▼

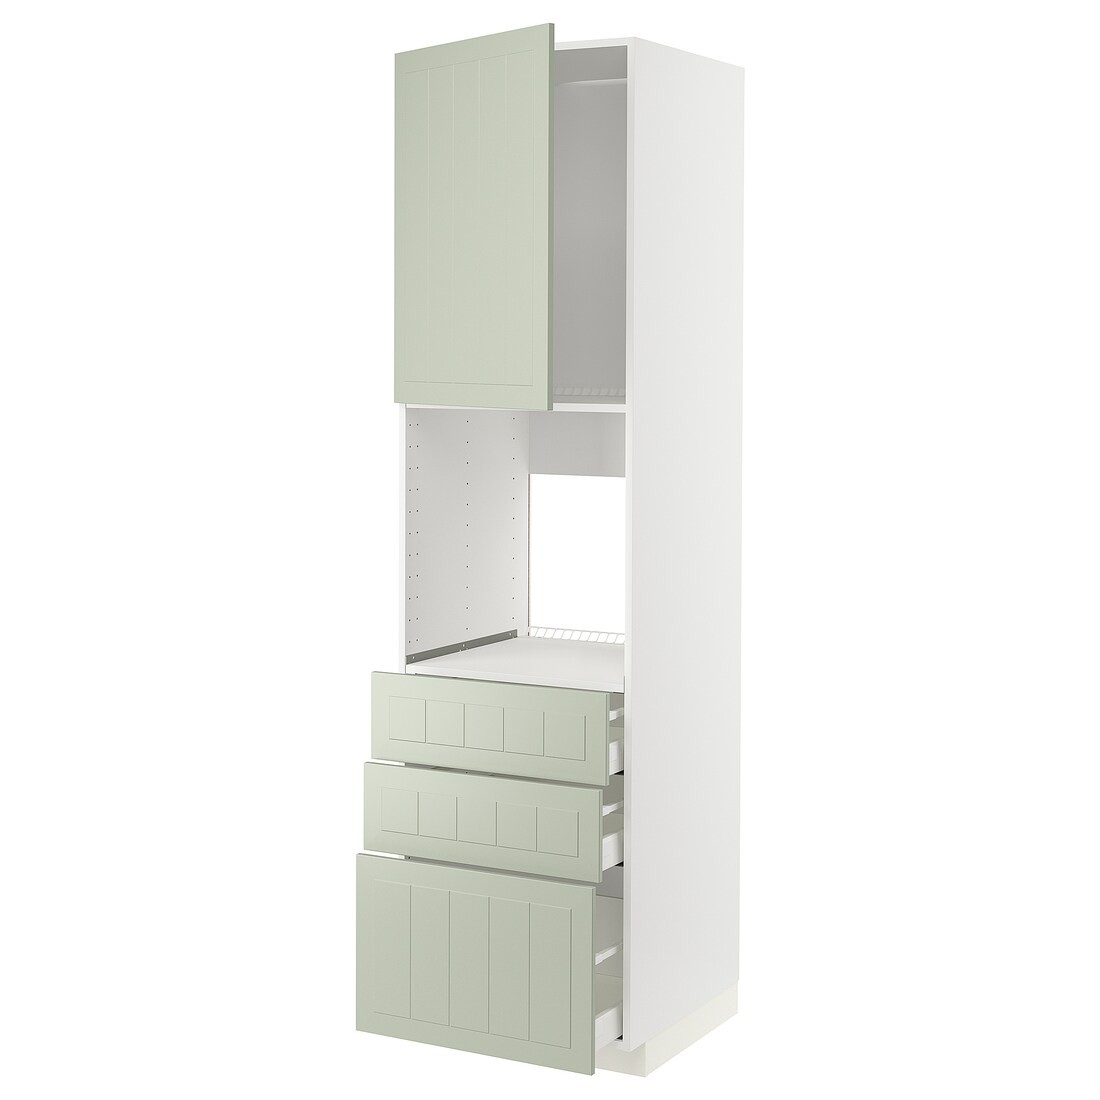 METOD МЕТОД / MAXIMERA МАКСИМЕРА Высокий шкаф для духовки, белый / Stensund светло-зеленый, 60x60x220 см
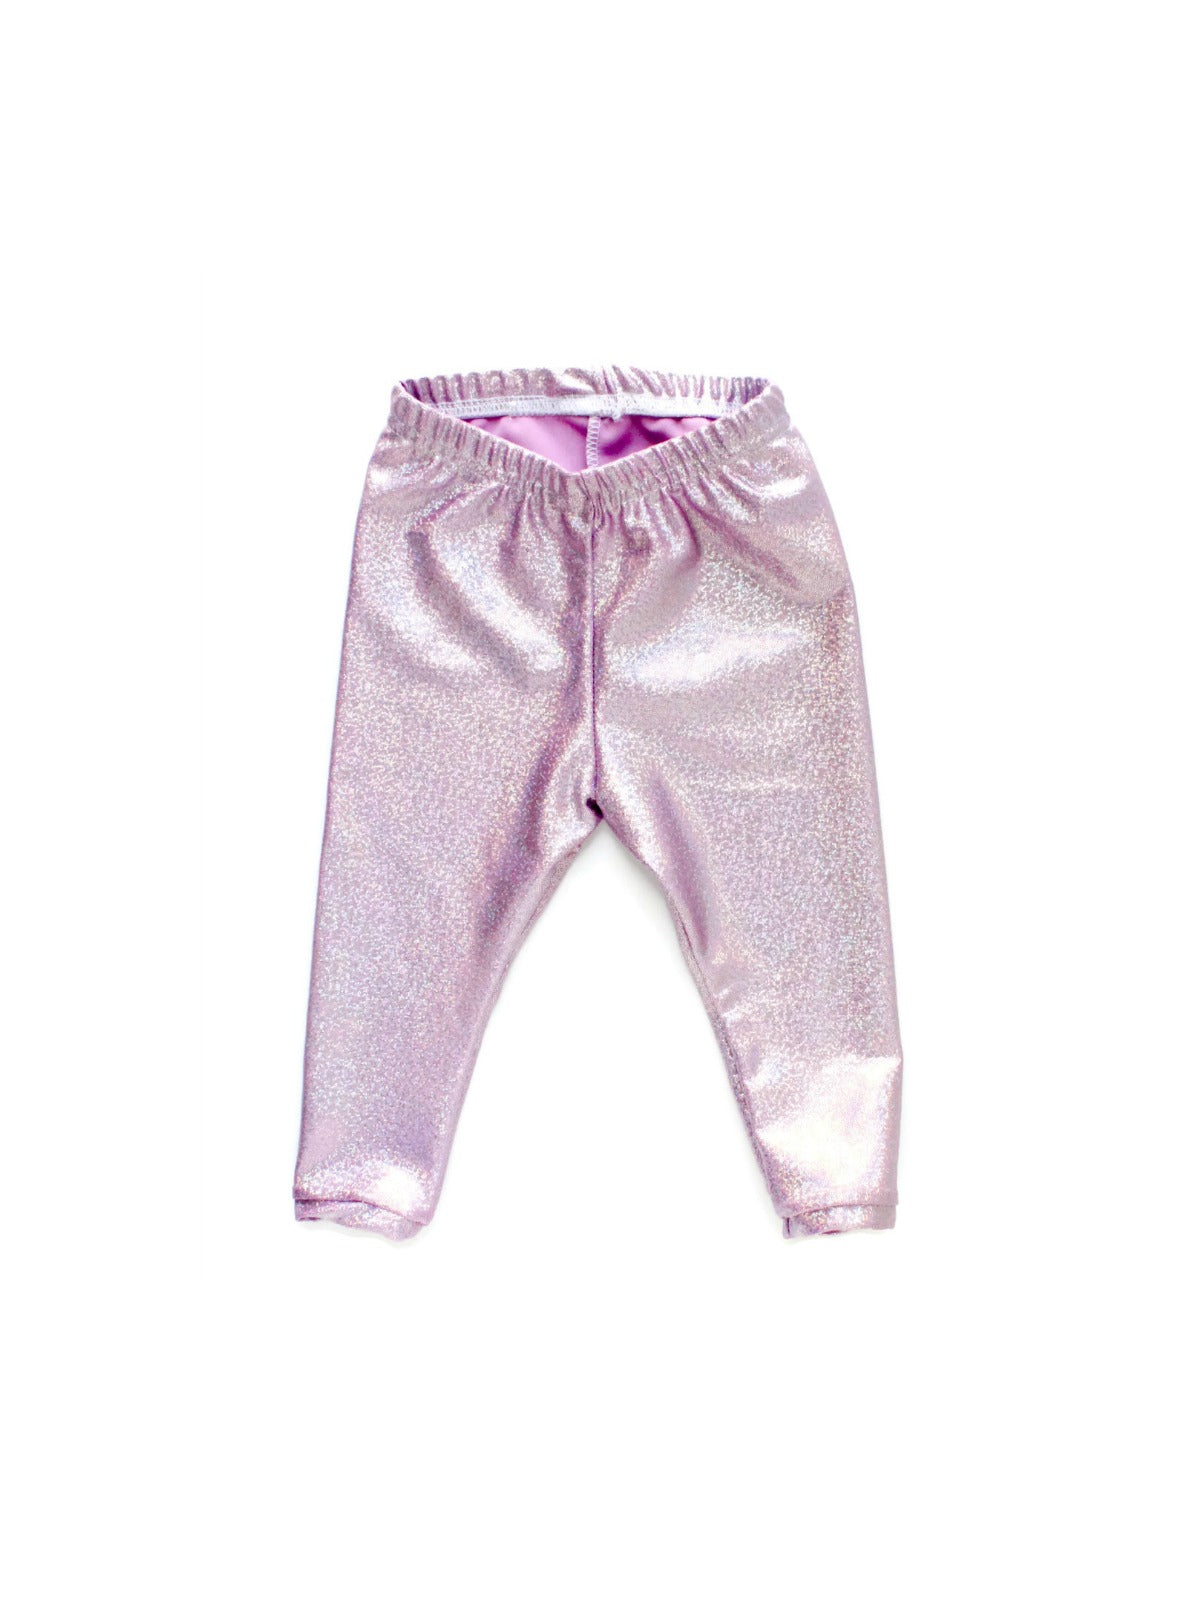 light pink metallic shimmer unicorn girl leggings
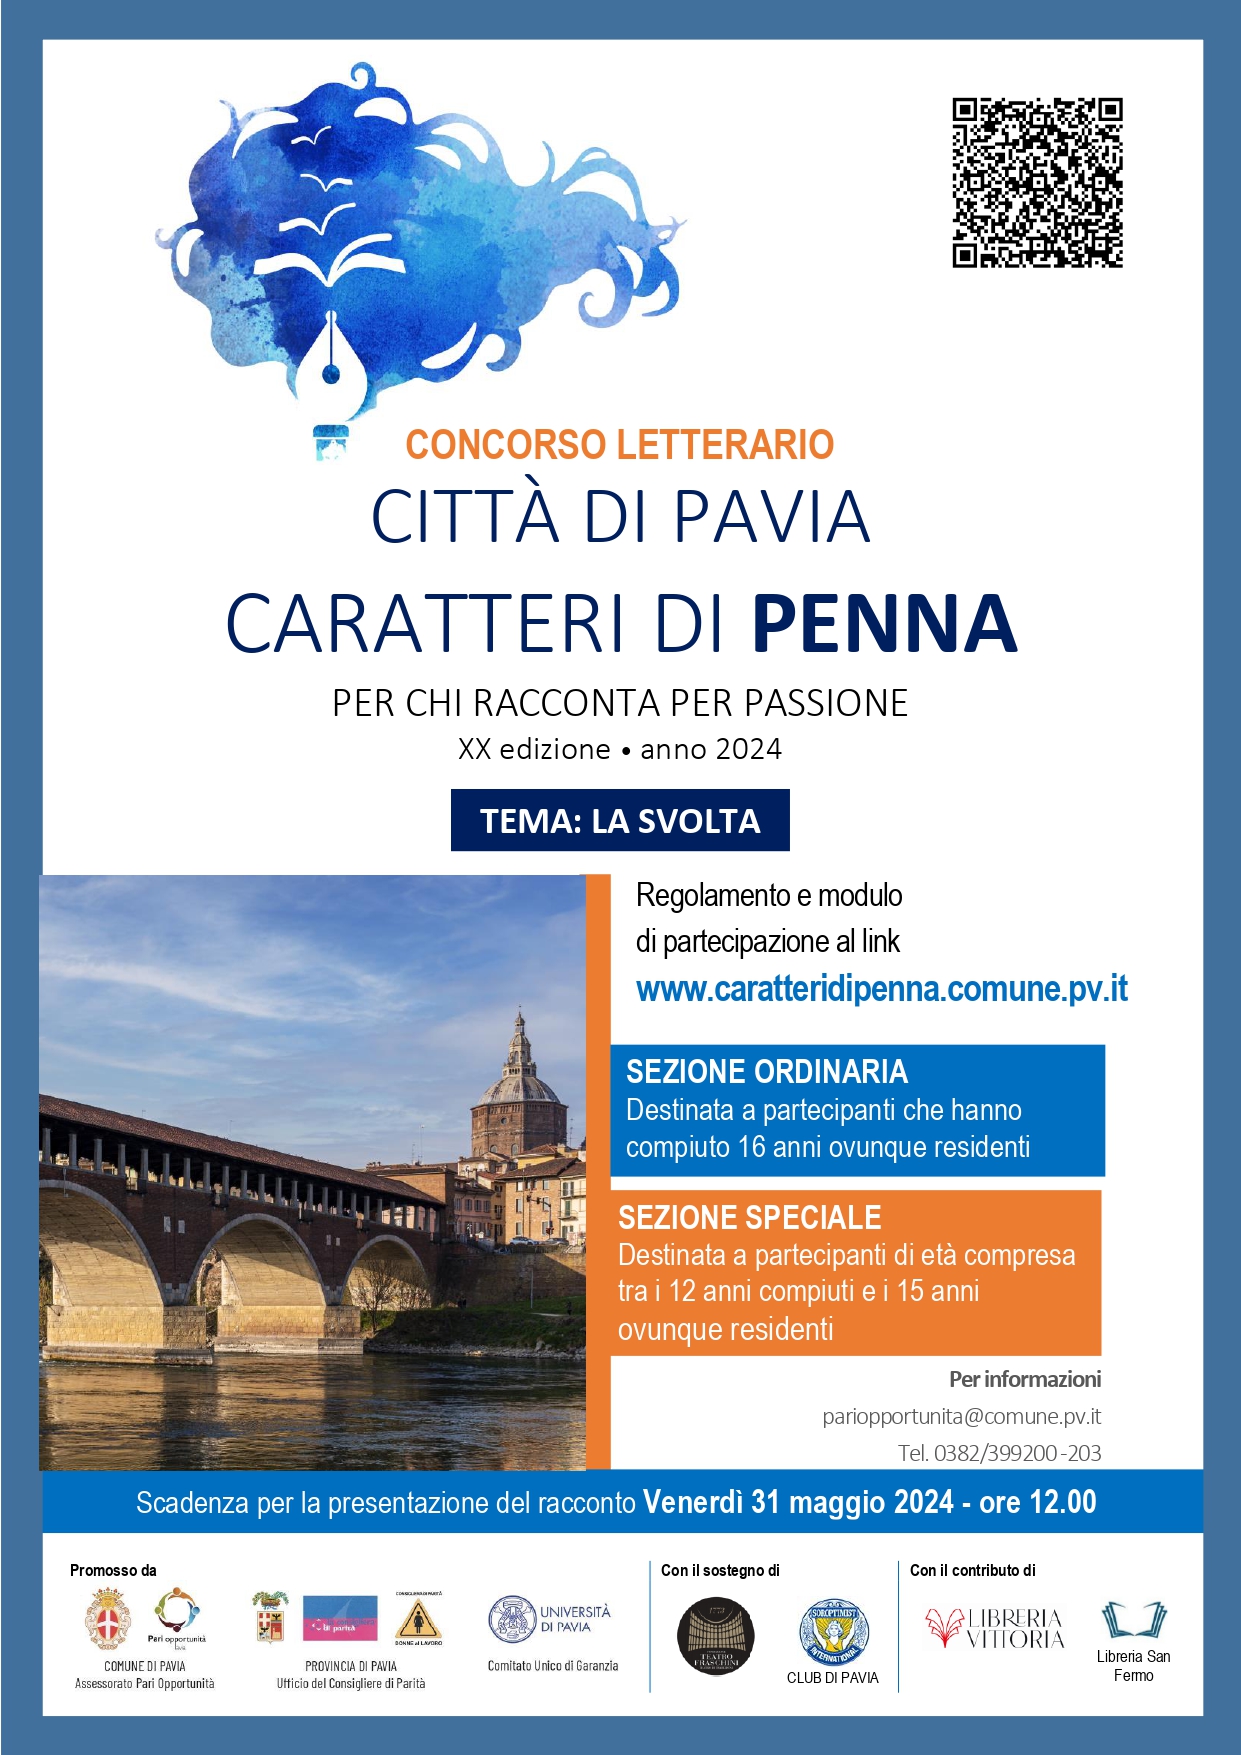 Concorso letterario “Città di Pavia – Caratteri di Penna”

▲

## THE TASK
A word-for-word transcription of the listing is needed, minus its images.

## SOLUTION TO THIS EXERCISE
 METOD МЕТОД / MAXIMERA МАКСИМЕРА Высокий шкаф для духовки, белый / Stensund светло-зеленый, 60x60x220 см
 light pink metallic shimmer unicorn girl leggings
 Concorso letterario “Città di Pavia – Caratteri di Penna”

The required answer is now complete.